# ФИЛОСОФИЯ И КУЛЬТУРА > Здоровый образ жизни >  Воспитание детей

## Кастури

Харе Кришна,дорогие преданные!У меня глубокое непонимание со старшей дочерью,ей 9,5 лет.Может ревность к младшим сестрам,может протест какой-то,я не знаю,но такое складывается впечатление,что она специально все делает наоборот.Все три дочки вегетарианочки с рождения,с духовными именами,стараюсь им и мужу рассказывать как можно чаще про Кришну.Временами хорошая милая вайшнави,по 7 кругов читает!Но чаще это негодяйка,и так выводит,что приходится сильно наказывать.Я молчу про хамство и ложь с ее стороны.Мы не знаем,что делать,может к психологу,мы пробывали и кнут и пряник.Все ей не нравится,как в знаменитом старом детском стишке:"Я не знаю,как мне быть,начал старшим я грубить....."Я больше расстраиваюсь из-за того,что она часто обижает младших,а им 2,5 года и 1,2 месяца.Подскажите,пожалуйста,может есть выход,может у кого-то тоже непонимание с детьми?Спасибо,Харе Кришна!

----------


## Nada-bindu-vidharini dd

Может и впрямь ревность?И надо больше старшей внимания?И потом возраст такой как бы,уже многое понимает,а многое и не понимает.Особенно в наш век информации,у больших то  мозги набекрень ото всего -всего.

----------


## Кастури

Скорее ревность,вот и привлекает к себе внимание таким образом.Но мы тоже на три части разорваться не можем,муж работает,я по дому делаю все дела.Тут всем мало внимания и мелким тоже.Стараемся,может и зря,не обделять ее,и телефоны ей,и платья.

----------


## Kasturika d.d.

> Скорее ревность,вот и привлекает к себе внимание таким образом.Но мы тоже на три части разорваться не можем,муж работает,я по дому делаю все дела.Тут всем мало внимания и мелким тоже.Стараемся,может и зря,не обделять ее,и телефоны ей,и платья.

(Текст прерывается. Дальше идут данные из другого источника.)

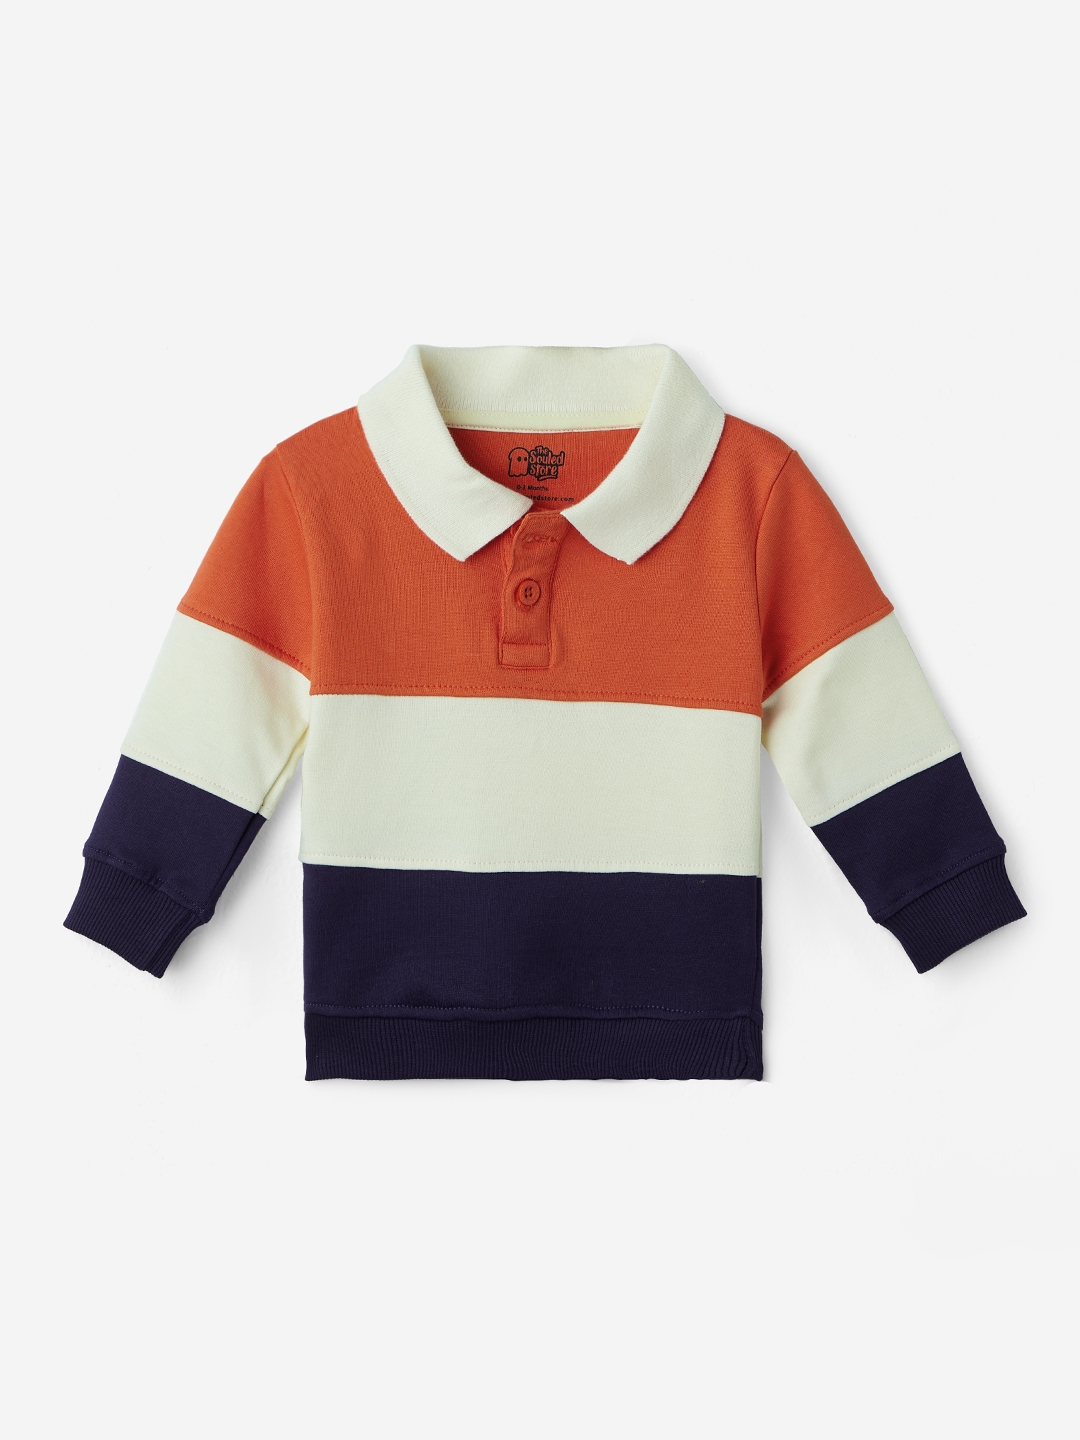 Boys TSS Originals: Colour Crush Boys Sweatshirts

С материальными игрушками не переборщите. Может ещё требовательней стать.
Попробуйте предложить ей посещать на выбор какие–нибудь студии (рисования, танцы и т.п.), чтобы она это делала с удовольствием. Развивалась в благости.

----------


## Kasturika d.d.

И отец должен быть очень мягким по отношению к дочери :smilies:

----------


## Кастури

Предлагали и то,и другое,наша фантазия иссякла.Ей интересно на данном этапе ничего не делать,и не учиться.Я их всех люблю,и хочу,чтобы мои девочки выросли в благости.

----------


## Кастури

Папа мягкий ко всем,иногда черезмерно,я даже бывает злюсь на эту его мягкость.Получается,мама тиран :doom:

----------


## Kasturika d.d.

Не будьте тоже слишком строгой.  :smilies: 
У нашей дочи тоже был похожий период (лет в 15). У меня крыша ехала от её выкрутасов. Но через пару лет всё прошло, слава Богу.

----------


## Kasturika d.d.

А по поводу учёбы или оценок, мы никогда не заставляли детей. Говорили, чтоб они учили то, что им нравится. Но на уроках чтоб вели себя смирно, без жалоб учителей.

----------


## vedamurti das

> ... хочу,чтобы мои девочки выросли в благости.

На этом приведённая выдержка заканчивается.